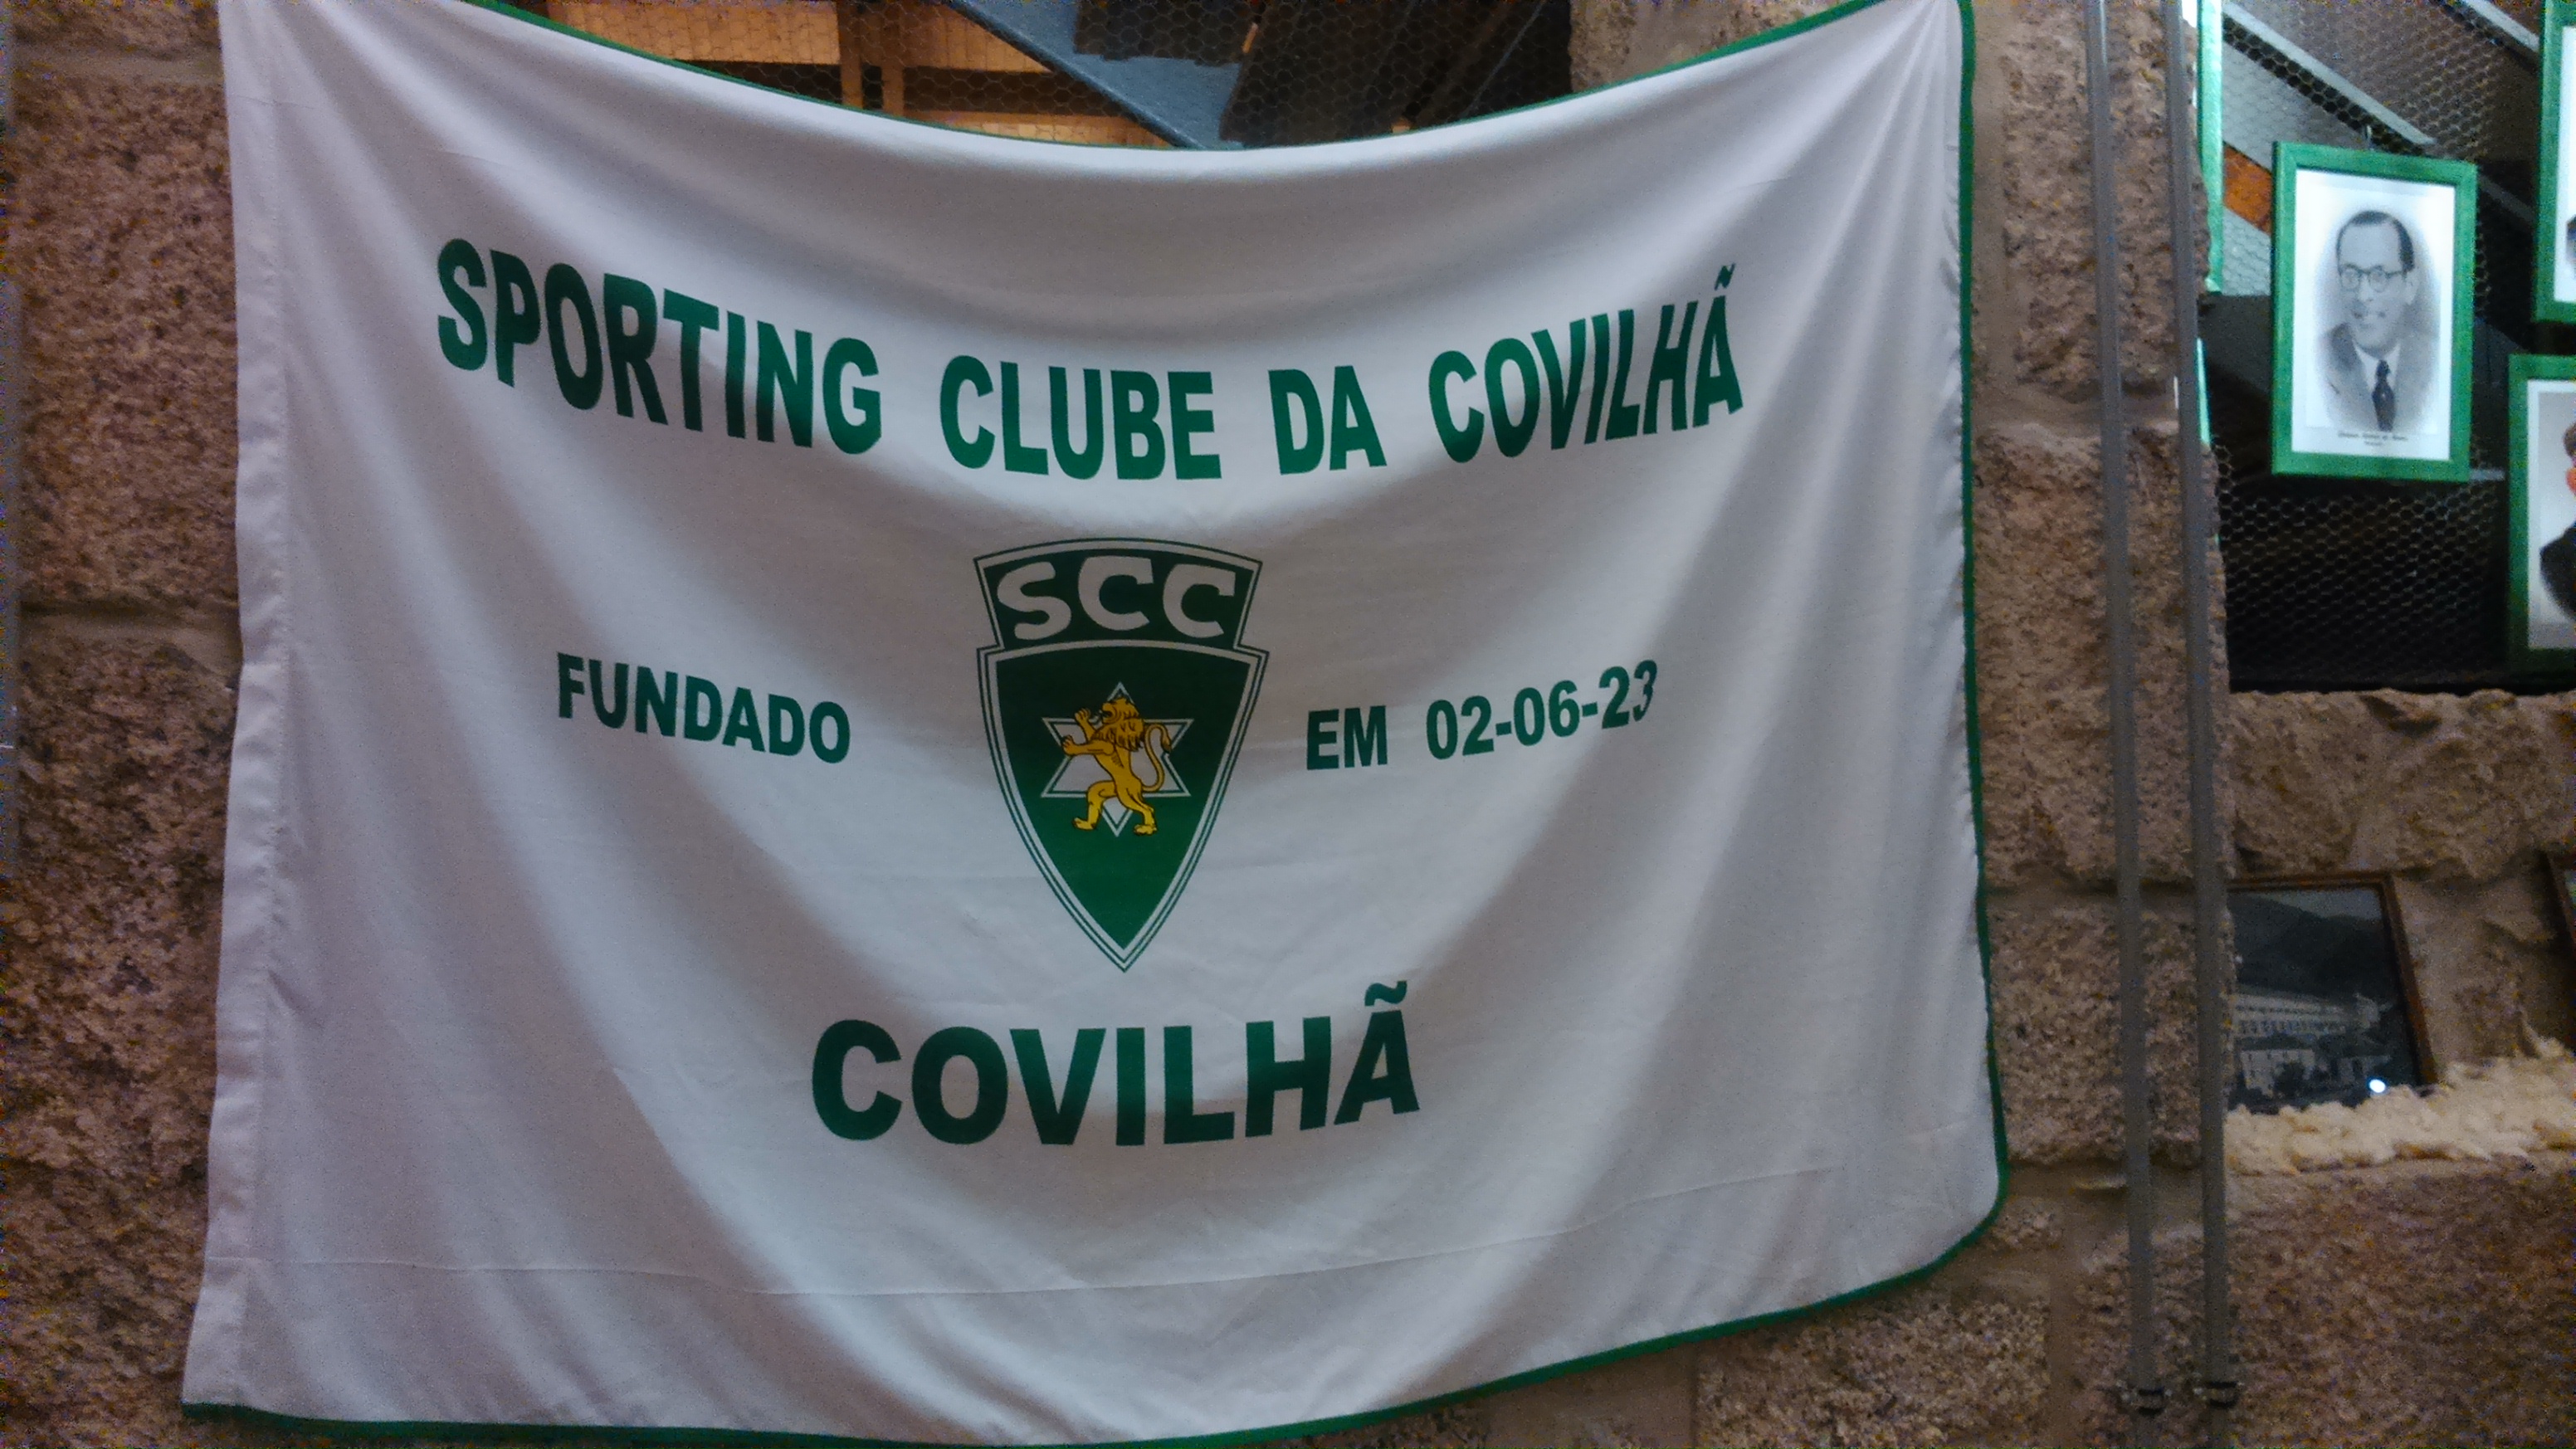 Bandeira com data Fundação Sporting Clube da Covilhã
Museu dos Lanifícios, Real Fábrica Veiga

--

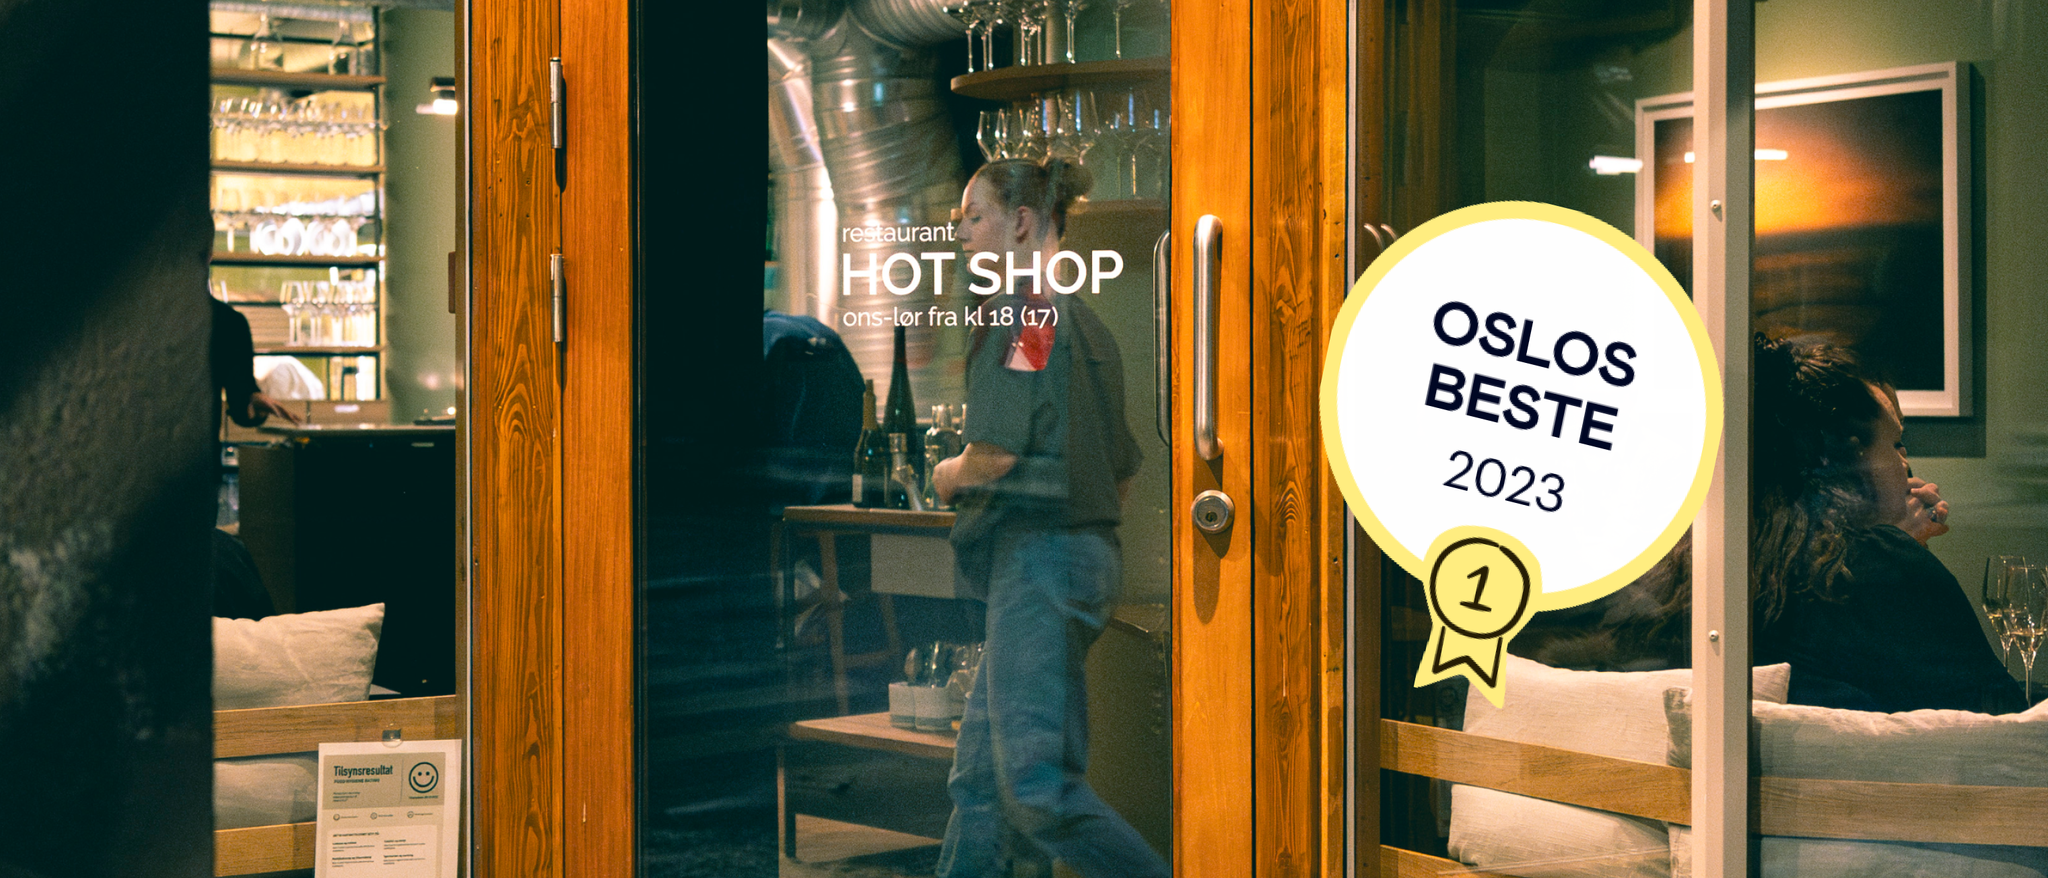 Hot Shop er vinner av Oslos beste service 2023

---

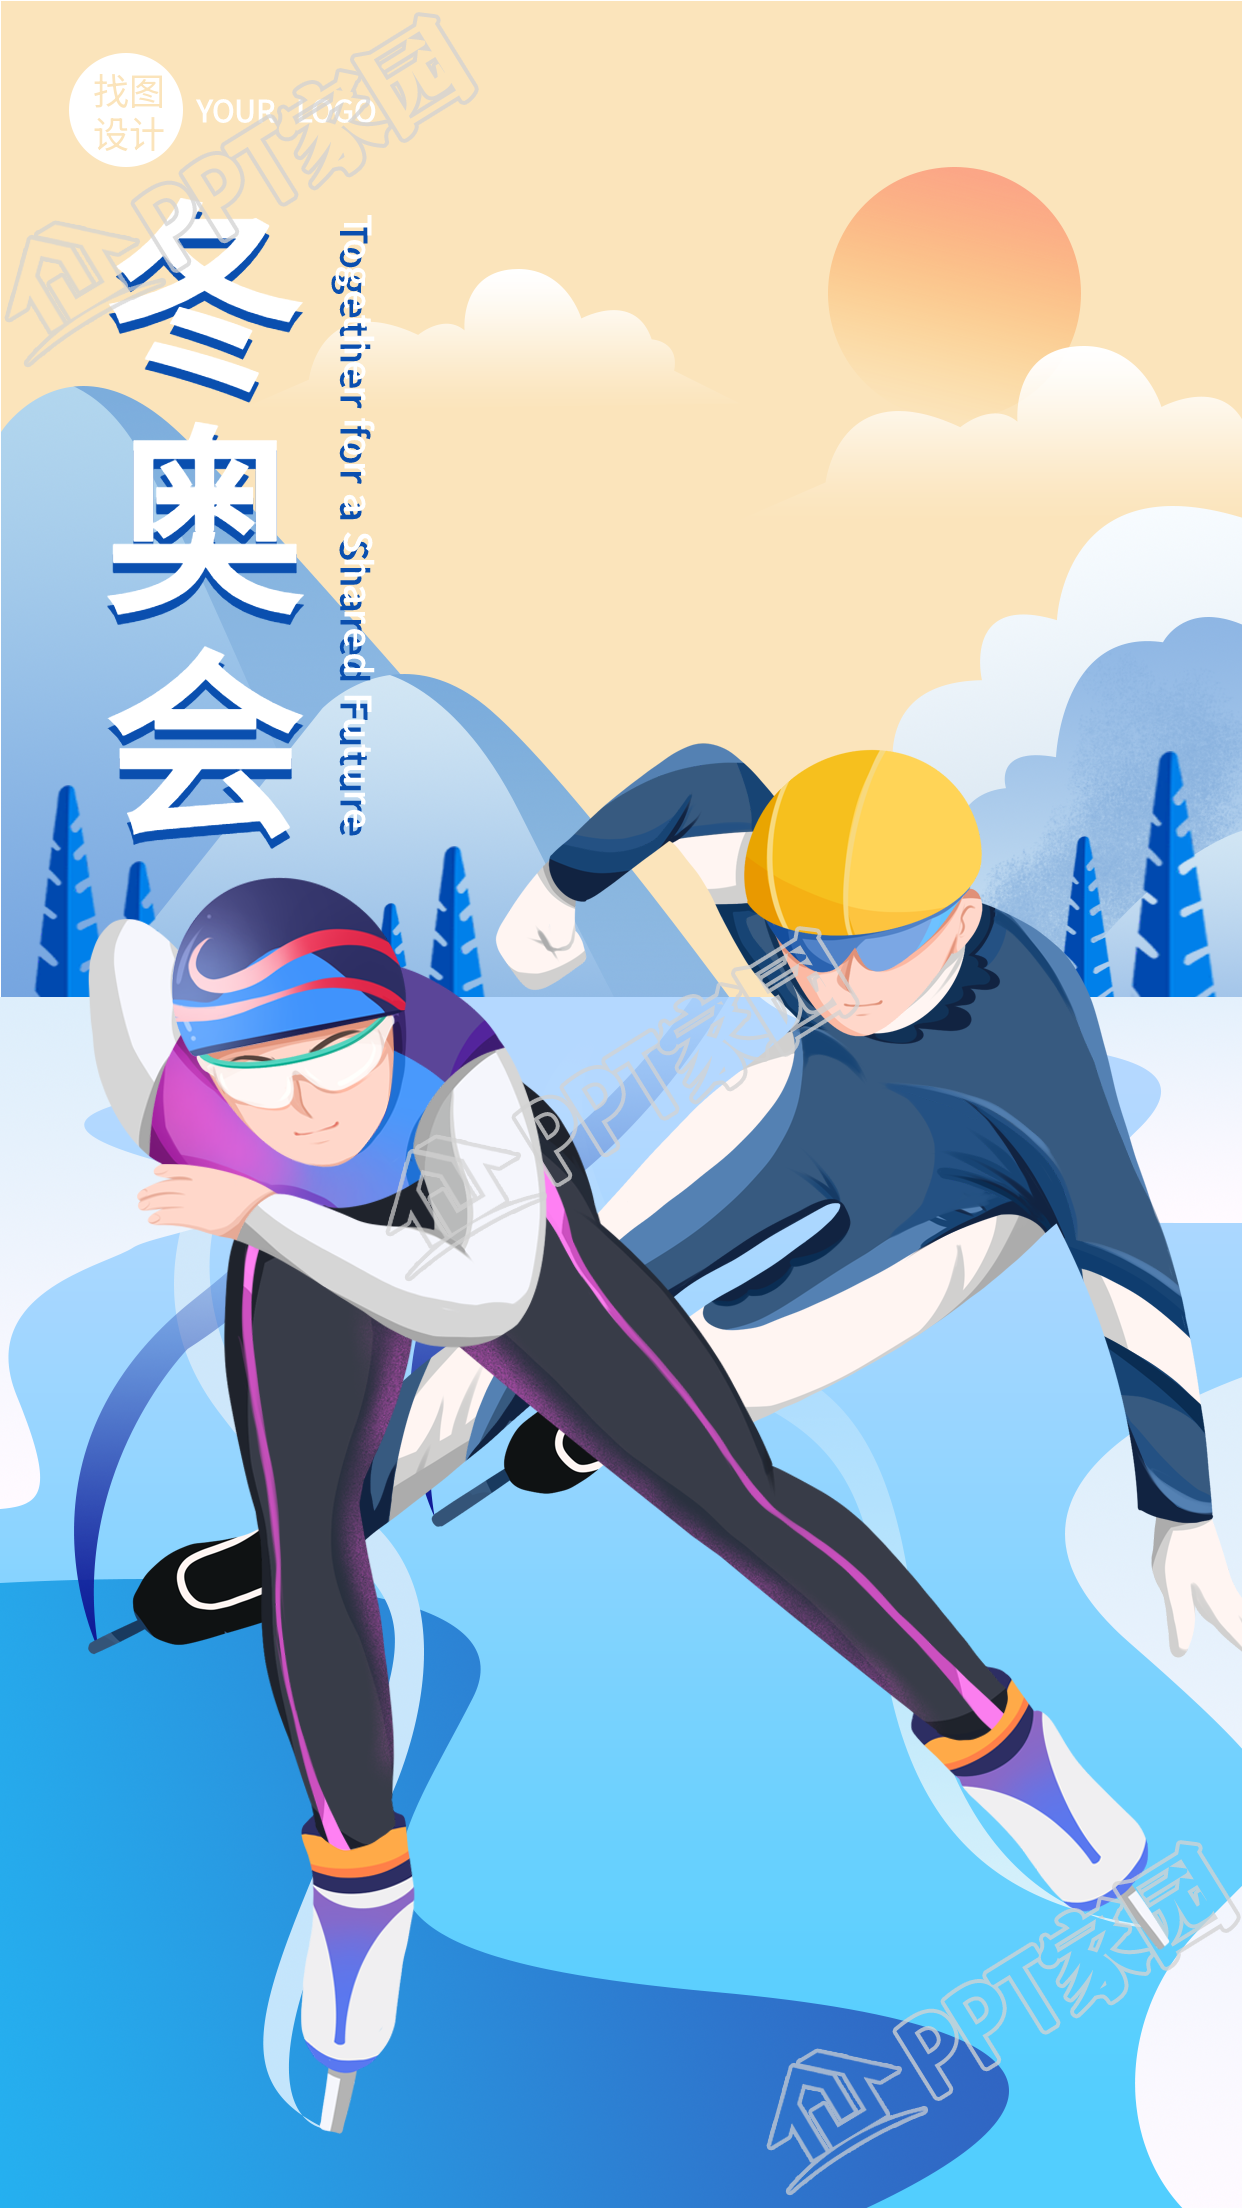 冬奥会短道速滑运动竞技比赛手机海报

▸ **Your assignment**
From the material above, output only the span of lines that starts at the one containing "Bandeira com data" and finishes at the one containing "Museu dos Lanifícios, Real Fábrica Veiga", word for word and free of pictures.

▸ **The answer**
 Bandeira com data Fundação Sporting Clube da Covilhã
Museu dos Lanifícios, Real Fábrica Veiga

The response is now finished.